POJ 3261 Milk Patterns (求可重叠的k次最长重复子串)

Milk Patterns

Time Limit: 5000MS		Memory Limit: 65536K
Total Submissions: 14094		Accepted: 6244
Case Time Limit: 2000MS

Description

Farmer John has noticed that the quality of milk given by his cows varies from day to day. On further investigation, he discovered that although he can't predict the quality of milk from one day to the next, there are some regular patterns in the daily milk quality.

To perform a rigorous study, he has invented a complex classification scheme by which each milk sample is recorded as an integer between 0 and 1,000,000 inclusive, and has recorded data from a single cow over N (1 ≤ N ≤ 20,000) days. He wishes to find the longest pattern of samples which repeats identically at least K (2 ≤ K ≤ N) times. This may include overlapping patterns -- 1 2 3 2 3 2 3 1 repeats 2 3 2 3 twice, for example.

Help Farmer John by finding the longest repeating subsequence in the sequence of samples.

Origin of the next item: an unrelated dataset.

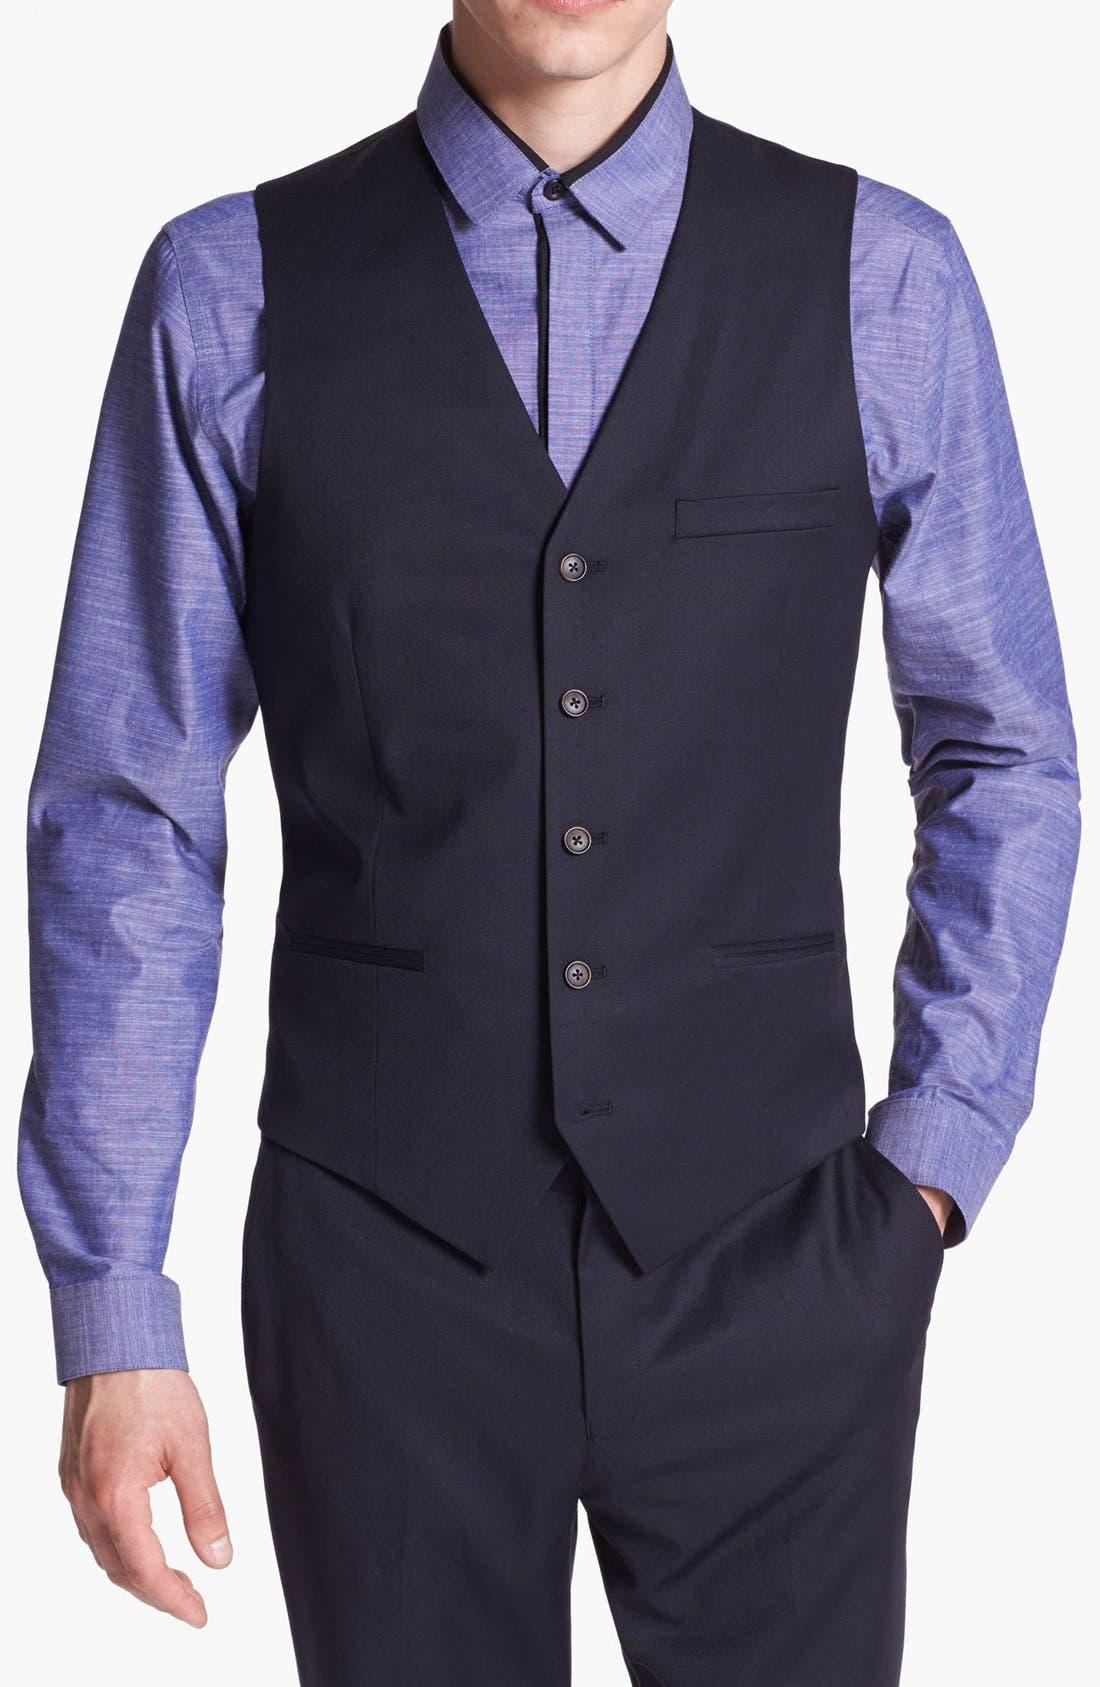 Alternate Image 1 Selected - Topman Skinny Fit Waistcoat

It is guaranteed that at least one subsequence is repeated at least K times.

Input

Line 1: Two space-separated integers: N and K 
Lines 2..N+1: N integers, one per line, the quality of the milk on day i appears on the ith line.

Output

Line 1: One integer, the length of the longest pattern which occurs at least K times

Sample Input

8 2
1
2
3
2
3
2
3
1

Sample Output

4

/*
 * POJ 3261 Milk Patterns
 * 求可重叠的k次最长重复子串
 *
 * 二分答案，每次直接到height数组里面check即可。
 */

#include <stdio.h>
#include <string.h>
#include <iostream>
#include <algorithm>
using namespace std;

const int MAXN = 20000+100;

int sa[MAXN];
int t1[MAXN],t2[MAXN],c[MAXN];
int rank[MAXN],height[MAXN];
void build_sa(int s[],int n,int m)
{
    int i,j,p,*x=t1,*y=t2;
    for(i=0;i<m;i++)c[i]=0;
    for(i=0;i<n;i++)c[x[i]=s[i]]++;
    for(i=1;i<m;i++)c[i]+=c[i-1];
    for(i=n-1;i>=0;i--)sa[--c[x[i]]]=i;
    for(j=1;j<=n;j<<=1)
    {
        p=0;
        for(i=n-j;i<n;i++)y[p++]=i;
        for(i=0;i<n;i++)if(sa[i]>=j)y[p++]=sa[i]-j;
        for(i=0;i<m;i++)c[i]=0;
        for(i=0;i<n;i++)c[x[y[i]]]++;
        for(i=1;i<m;i++)c[i]+=c[i-1];
        for(i=n-1;i>=0;i--)sa[--c[x[y[i]]]]=y[i];
        swap(x,y);
        p=1;x[sa[0]]=0;
        for(i=1;i<n;i++)
            x[sa[i]]=y[sa[i-1]]==y[sa[i]] && y[sa[i-1]+j]==y[sa[i]+j]?p-1:p++;
        if(p>=n)break;
        m=p;
    }
}
void getHeight(int s[],int n)
{
    int i,j,k=0;
    for(i=0;i<=n;i++)rank[sa[i]]=i;
    for(i=0;i<n;i++)
    {
        if(k)k--;
        j=sa[rank[i]-1];
        while(s[i+k]==s[j+k])k++;
        height[rank[i]]=k;
    }
}
int ss[MAXN];
bool check(int n,int k,int len)
{
    int cnt=1;
    for(int i=2;i<=n;i++)
    {
        if(height[i]>=len)
        {
            cnt++;
            if(cnt>=k) return true;
        }
        else cnt=1;
    }
    return false;
}

int main()
{
    int n,k;
    int ma=0;
    scanf("%d%d",&n,&k);
    for(int i=0;i<n;i++)
    {
        scanf("%d",&ss[i]);
        ma=max(ma,ss[i]);
    }
    ss[n]=0;
    build_sa(ss,n+1,ma+1);
    getHeight(ss,n);
    int l=0,r=n,ans;
    while(l<=r)
    {
        int mid=(l+r)/2;
        if(check(n,k,mid)) l=mid+1,ans=mid;
        else r=mid-1;
    }
    printf("%d
",ans);
    return 0;
}